Euchromatin-associated proteins accumulated on both analyzed loci in the SC cell line. Chromatin immunoprecipitation was carried out to analyze the abundance of the euchromatin-associated proteins’ RNA Polymerase 2 (Pol 2) and the CCCTC binding factor (CTCF). Note the different scales on the axes of the graphs. (A–D) As the culture aged, both proteins accumulated in loci 5p and 10q of the SC cells. (E,F) The levels of Pol 2 diminished at loci 5p and 10q as the K562 cells aged. The reduced levels of Pol 2 that were found after 24 PDs in K562 cells were close to the levels accumulated on the same loci of the SC cells after 25 PDs. (G,H) The levels of CTCF increased on both loci after 18 PDs of the K562 cells, but after 24 PDs, they returned to their original values. Data were analyzed using ANOVA and Tukey’s multiple comparisons test. Adjusted p value < 0.0001 (****), = 0.0008 (***), < 0.01 (**), < 0.05 (*).

Figure 11

Proposed model for TERRA involvement in telomere recovery. In spite of hTERT reactivation, the expansion of a cell clone leads to critical telomere length due to an accelerated cell division.

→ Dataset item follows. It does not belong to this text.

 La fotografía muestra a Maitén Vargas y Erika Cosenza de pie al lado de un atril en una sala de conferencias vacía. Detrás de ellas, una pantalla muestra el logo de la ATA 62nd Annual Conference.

If hTERT is overexpressed, telomere healing ensues, and homeostasis is recovered. If hTERT expression does not resolve telomere loss, then genomic instability takes place. If the conditions are met, both scenarios can further develop. Upper panel. In cells with stable telomere length, proliferation can still be halted. Accumulation of DNA damage under physiological levels of oxidative stress can lead to the TP53/RB1-mediated cell cycle arrest and the induction of cellular senescence [18,89]. Lower panel. In cells with critical telomere length, further mutations can accumulate due to genomic instability. Mutations in genes such as HRAS, TP53, and RB1, together with the re-expression of hTERT, can prompt a cell towards malignant transformation [86,87,88].